- [Your assignment]
Transcribe this listing exactly; omit the pictures.

- [Dataset content]
══════════
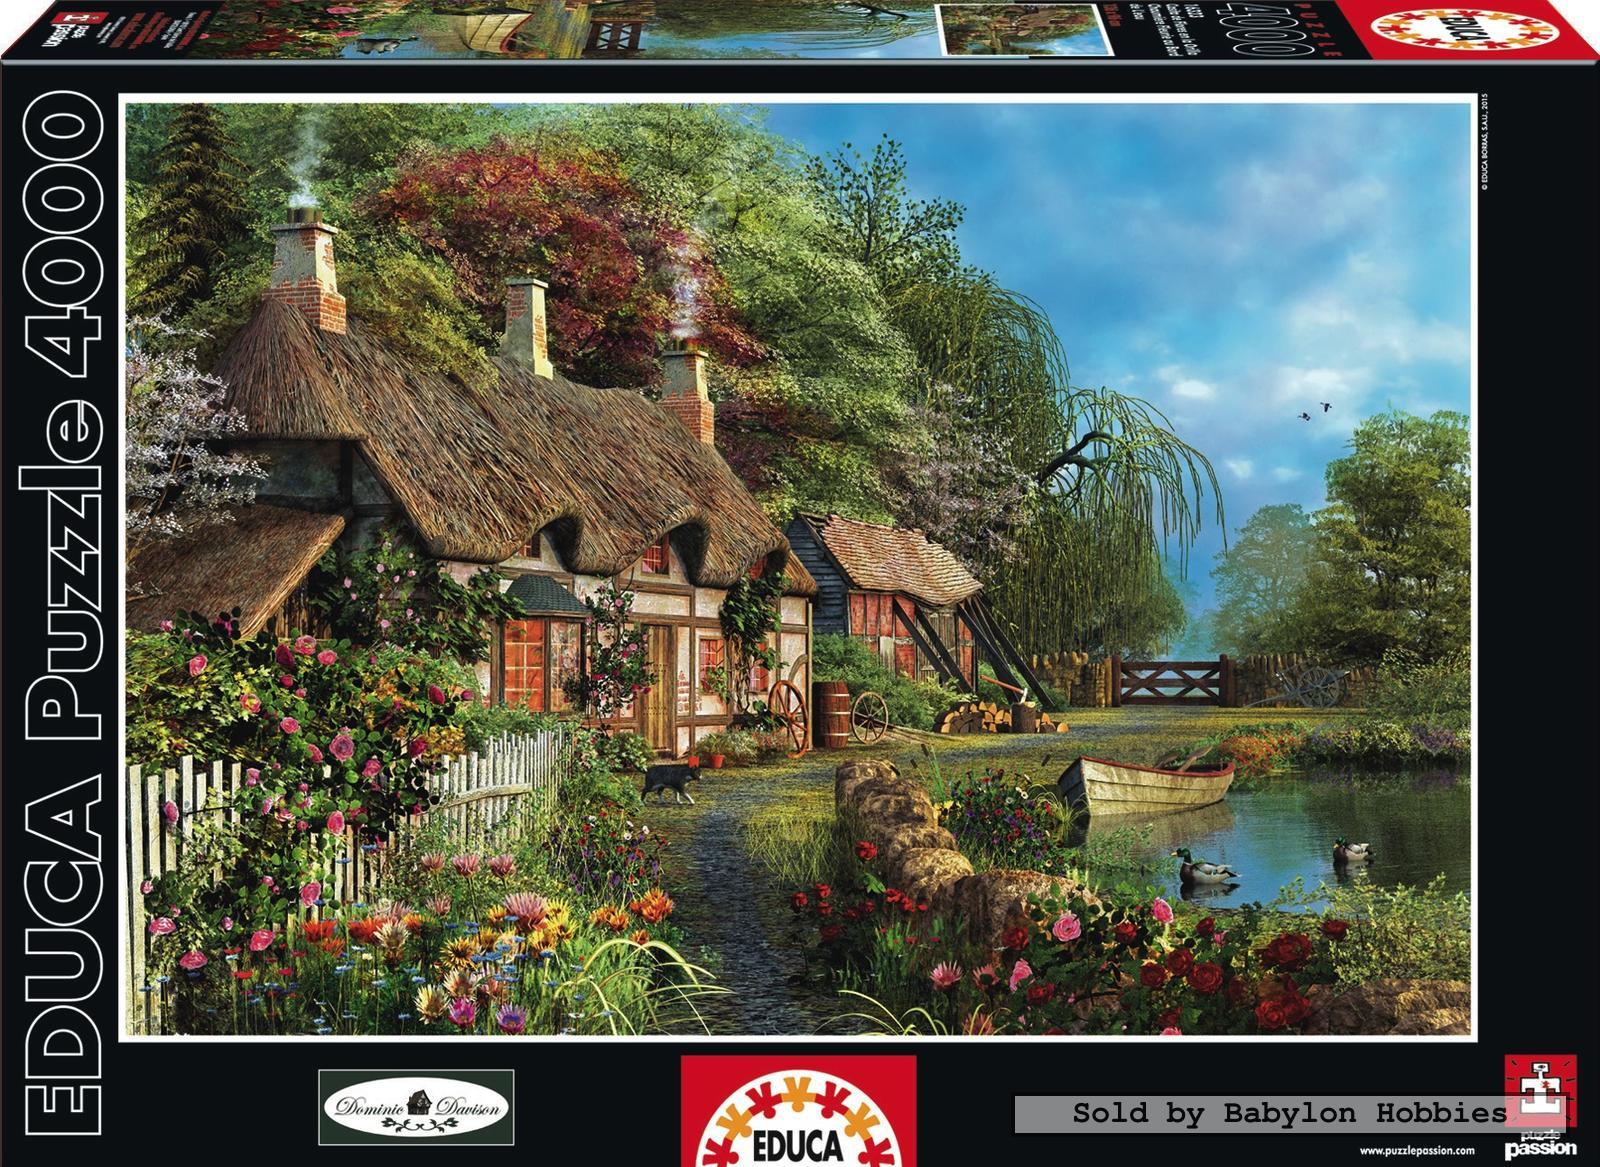 4000 pcs jigsaw puzzle riverside home in bloom art educa 16323 ebay. Black Bedroom Furniture Sets. Home Design Ideas
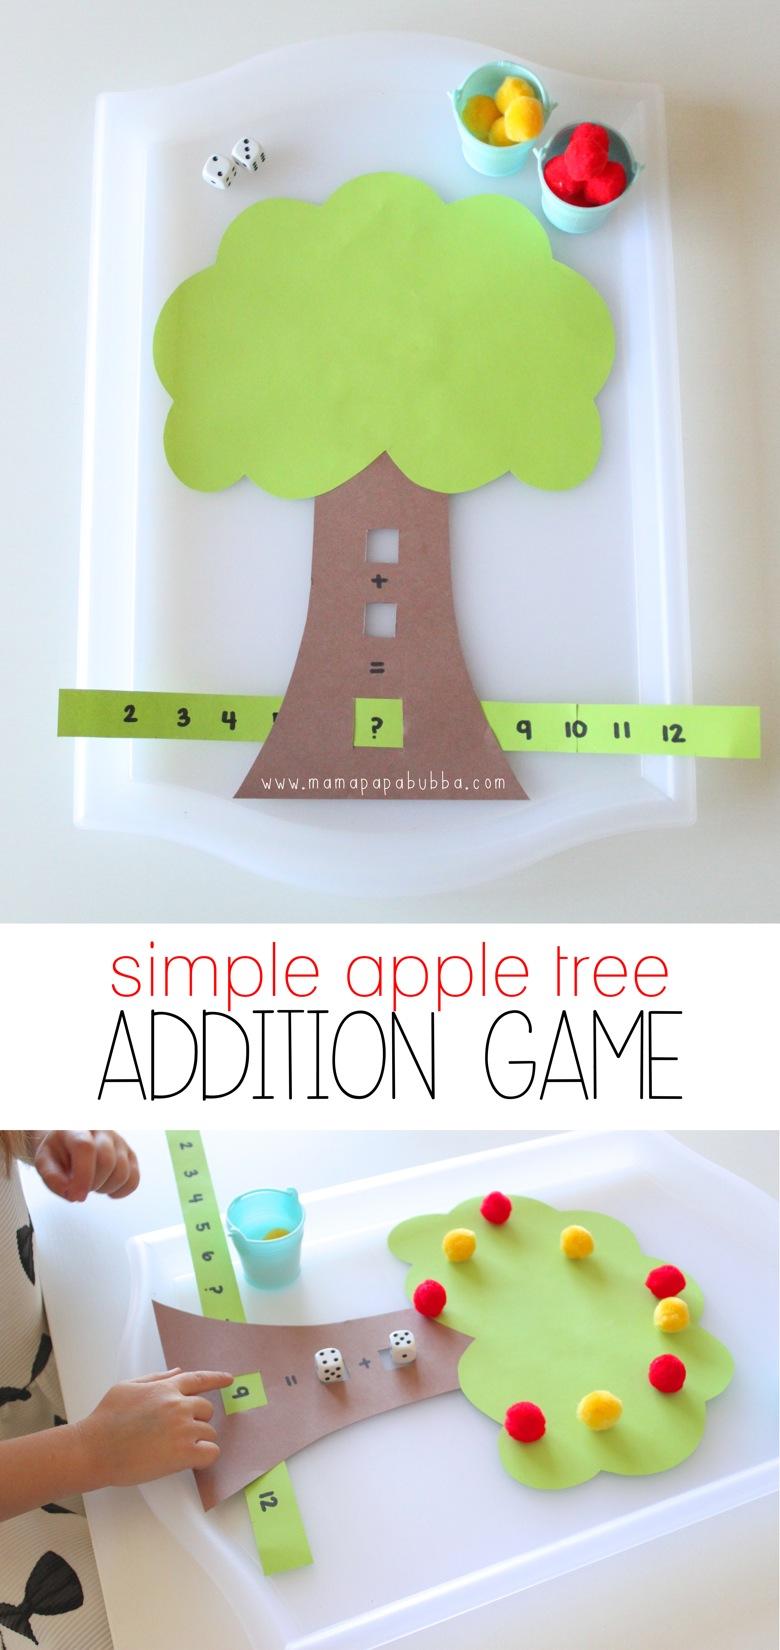 Simple Apple Tree Addition Game Mama Papa Bubba
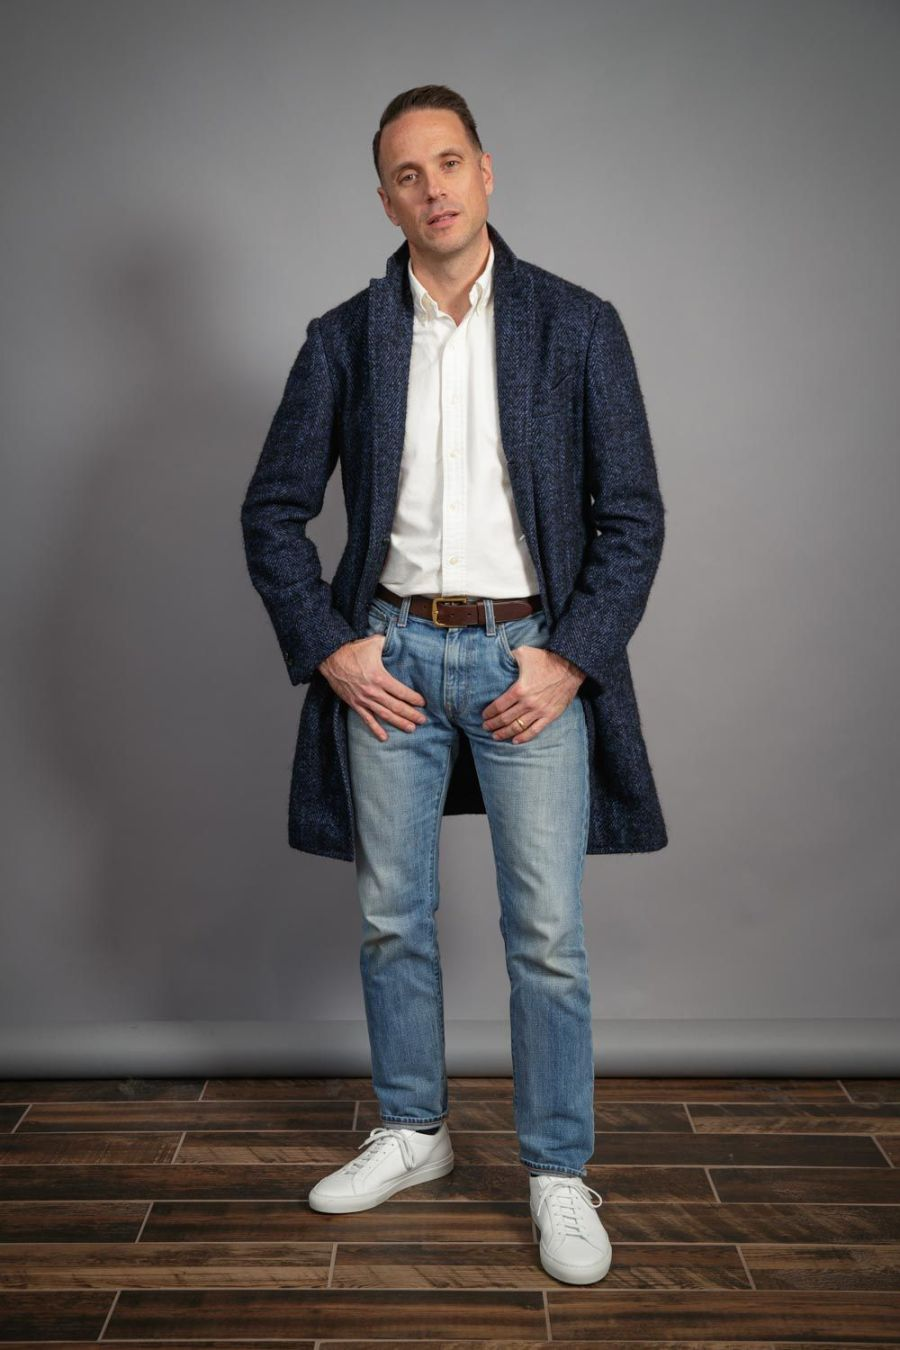 light-wash-denim-white-oxford-shirt-white-sneakers-navy-overcoat-mens-capsule-wardrobe
══════════
- [Written solution]
 4000 pcs jigsaw puzzle riverside home in bloom art educa 16323 ebay. Black Bedroom Furniture Sets. Home Design Ideas
 Simple Apple Tree Addition Game Mama Papa Bubba
 light-wash-denim-white-oxford-shirt-white-sneakers-navy-overcoat-mens-capsule-wardrobe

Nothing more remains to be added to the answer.